As the majority of the exome chip data are rare variants, we applied two minor allele account (MAC) filters to exclude rare variants with MAC not greater than 5 and 10 to see whether this could eliminate the inflated type I error rates in SVT. Table 2 shows that inflation was eliminated for SAIGE only but remained for other approaches with inflated type I error rates. We generated QQ plots (Fig. 1) arbitrarily using results of the first replicate simulated data for evaluating type I error rates at each prevalence (0.01, 0.05, 0.1 and 0.2). Genomic inflation factor²⁸ (λ) estimates were presented in the legend of each QQ plot. Dash line represents the genome-wide significance level for SVT, points above this line represent false positives. SeqMeta, GMMAT and q.emmax identified many false positives at prevalence 0.01, 0.05 and 0.1. SAIGE identified several rare variant (MAC < 3) false signals at prevalence 0.01 with very small p-values that were replaced by 1E-45 for better presentation.
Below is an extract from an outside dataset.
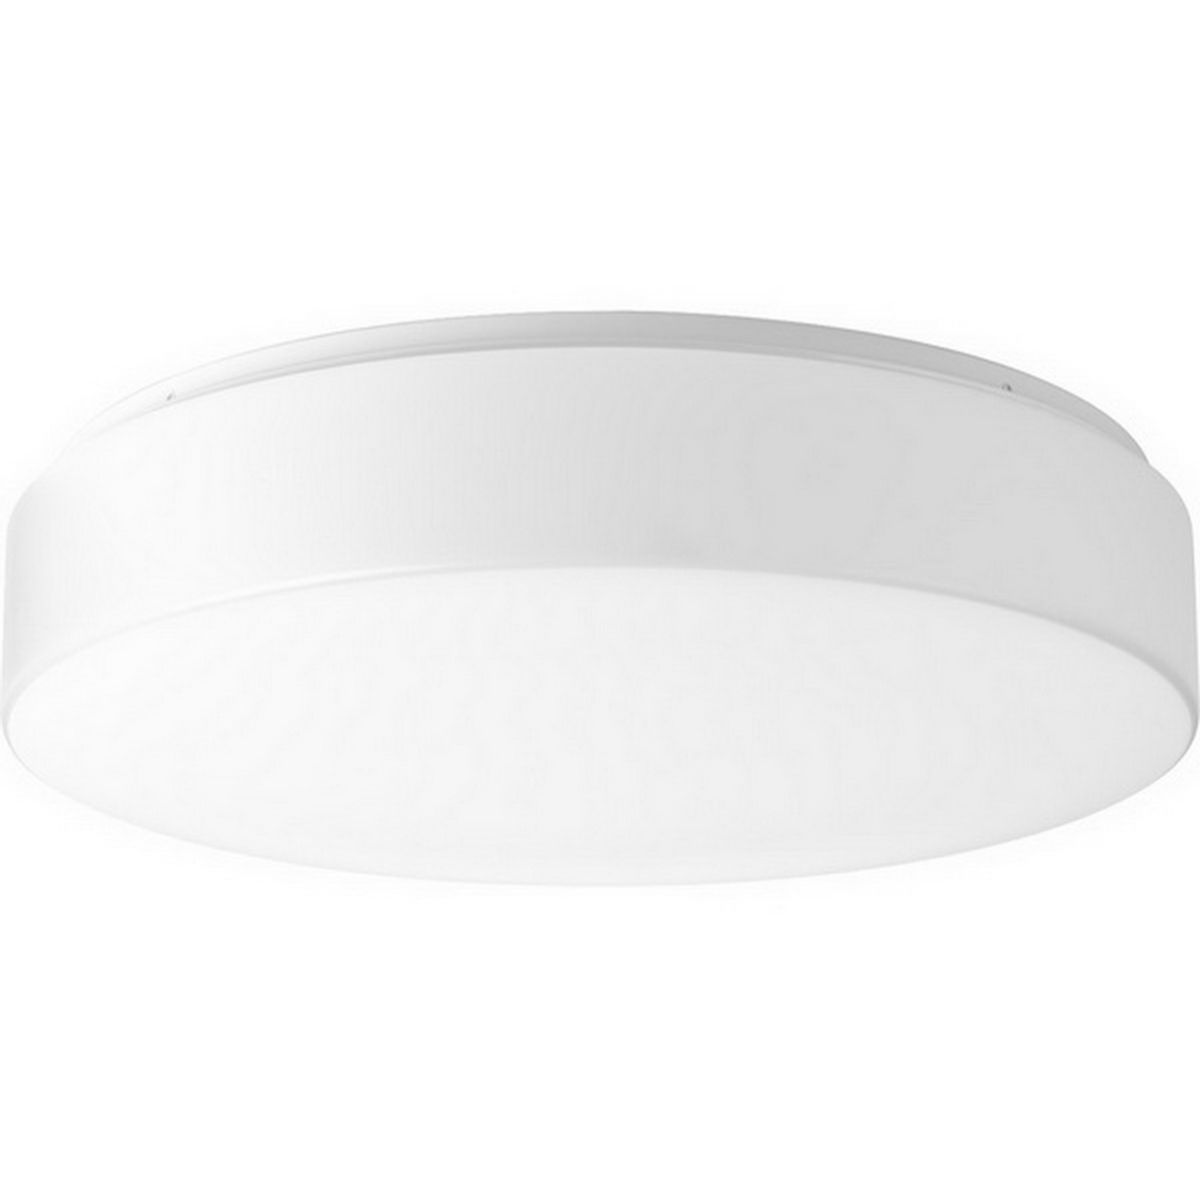 Drums and Clouds 17 in LED Flush Mount Light White finish - Bees Lighting
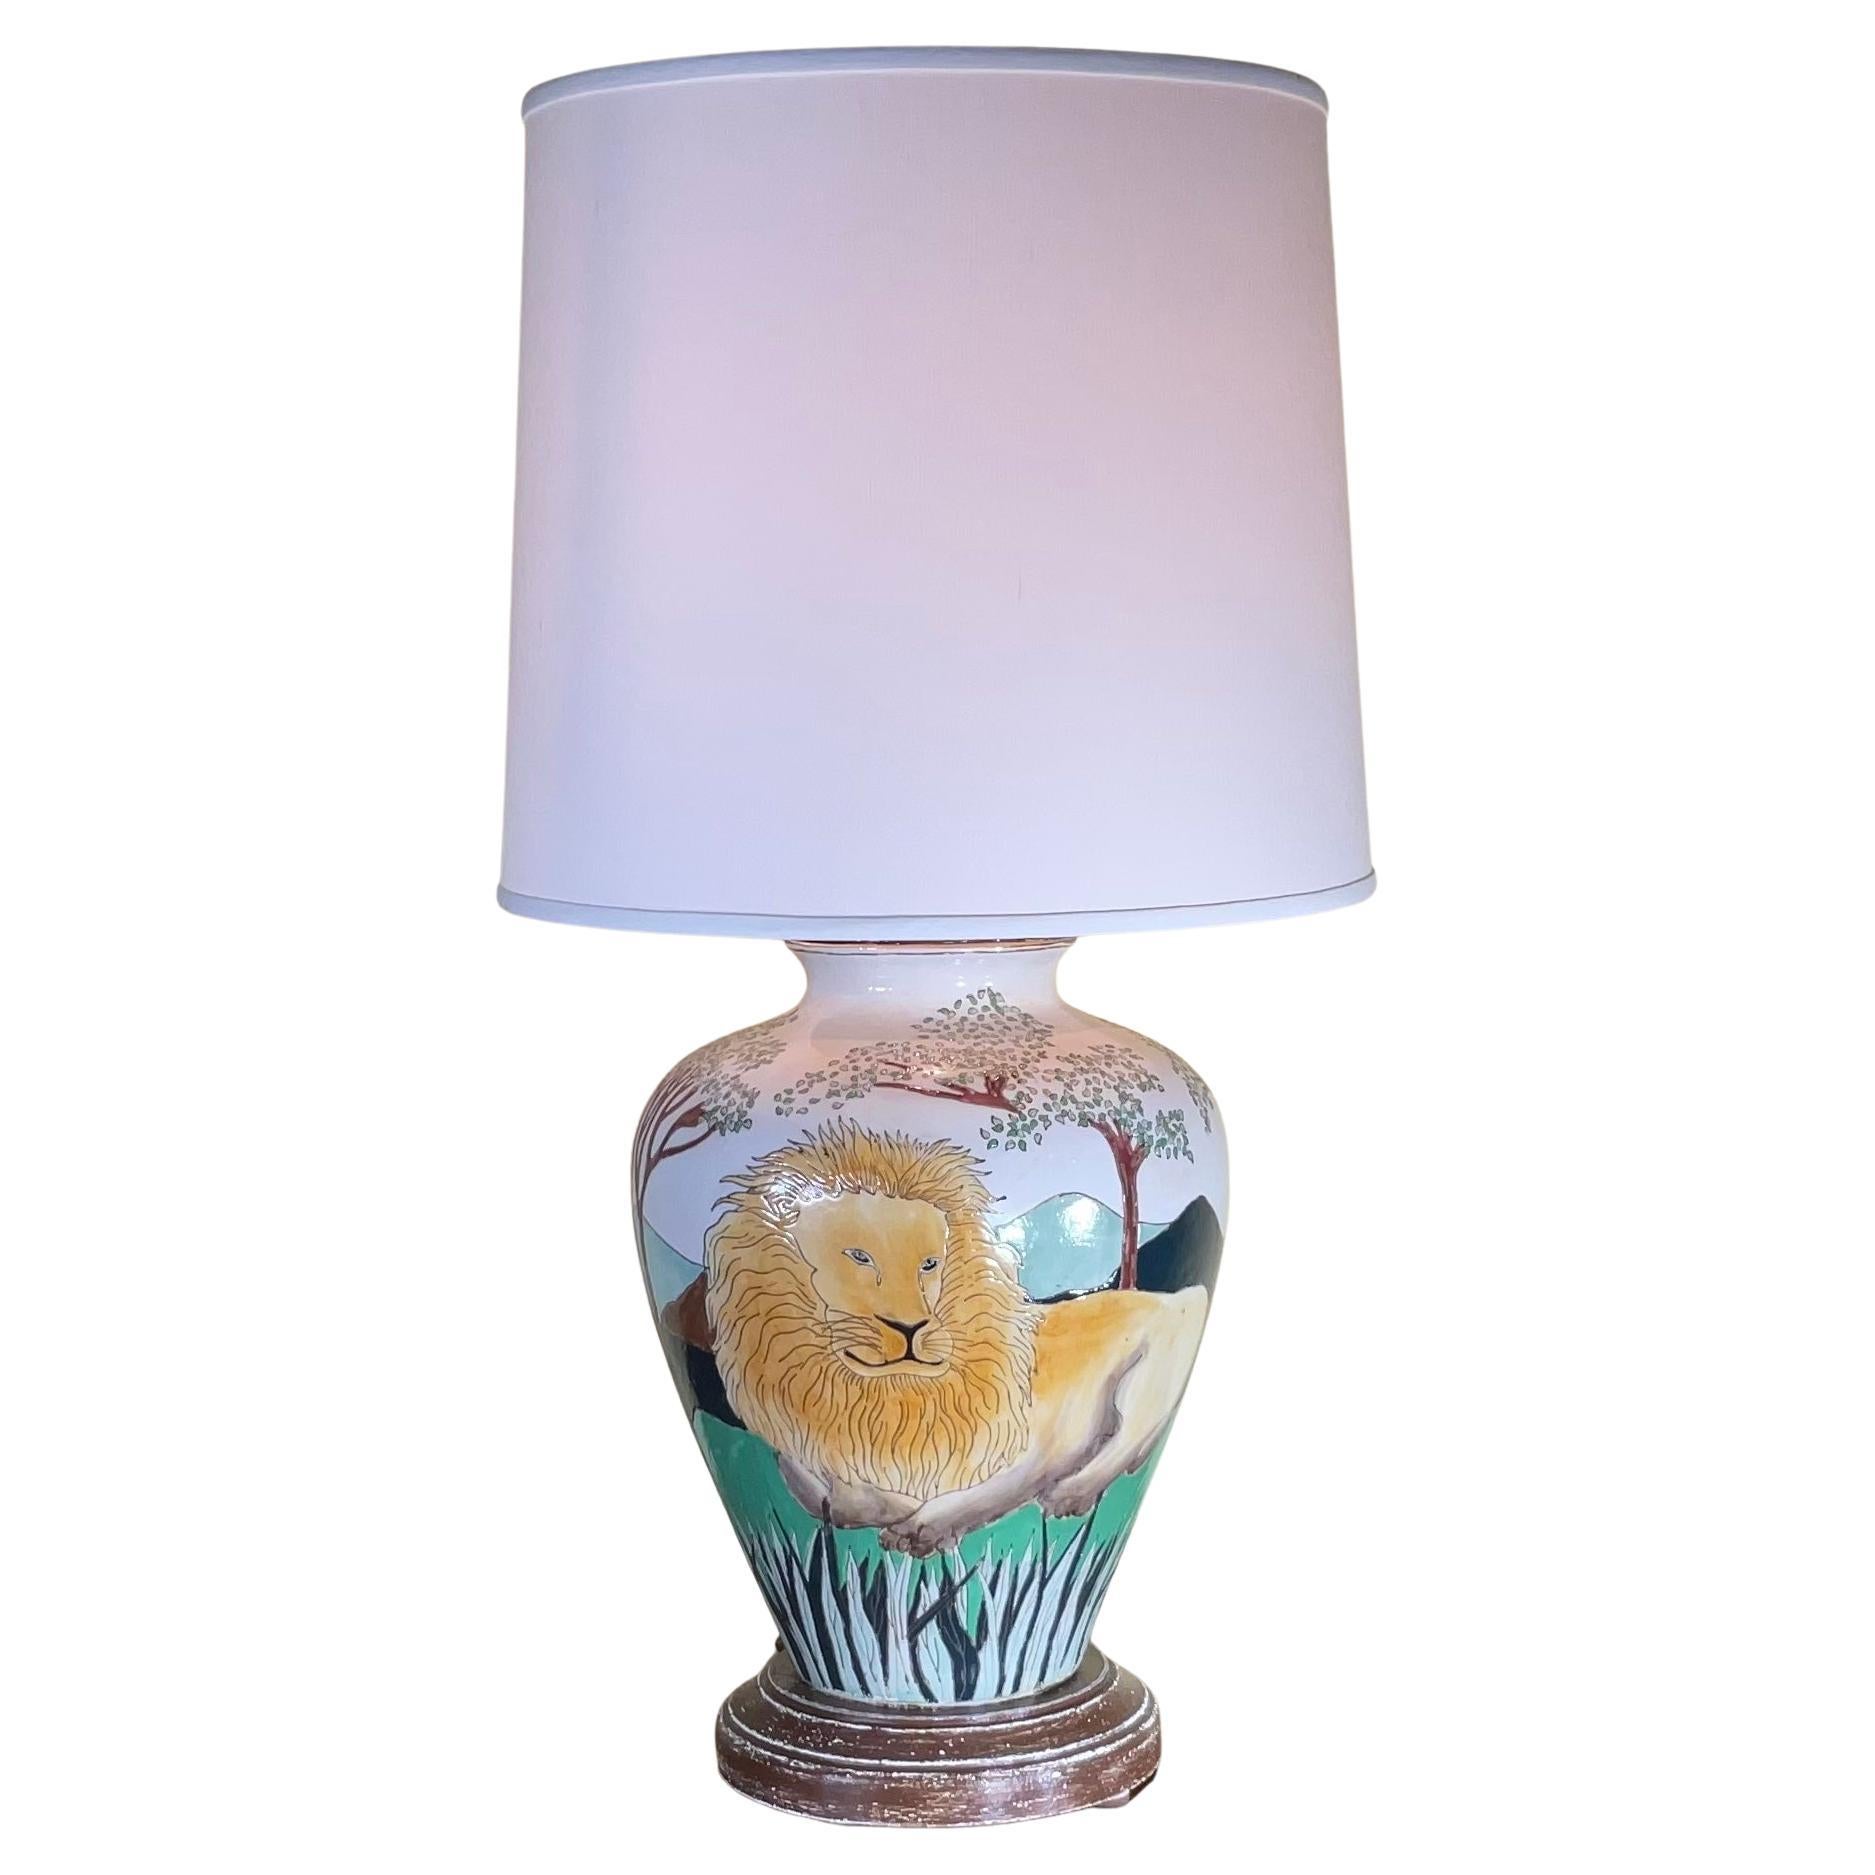 Lions Hand Painted Ceramic Table Lamp

At prevalence 0.05, GLM, RVFam, Firth test and SAIGE identified one false positive each. No false positive was detected at prevalence 0.2. Firth (unrelated) test did not identify any false positive. The results agreed with Table 1 in general. In terms of λ, interestingly, the estimates of Firth tests’ decreased from > 3 to < 0.64 as prevalence increased from 0.01 to 0.2, while the trend was opposite for other approaches.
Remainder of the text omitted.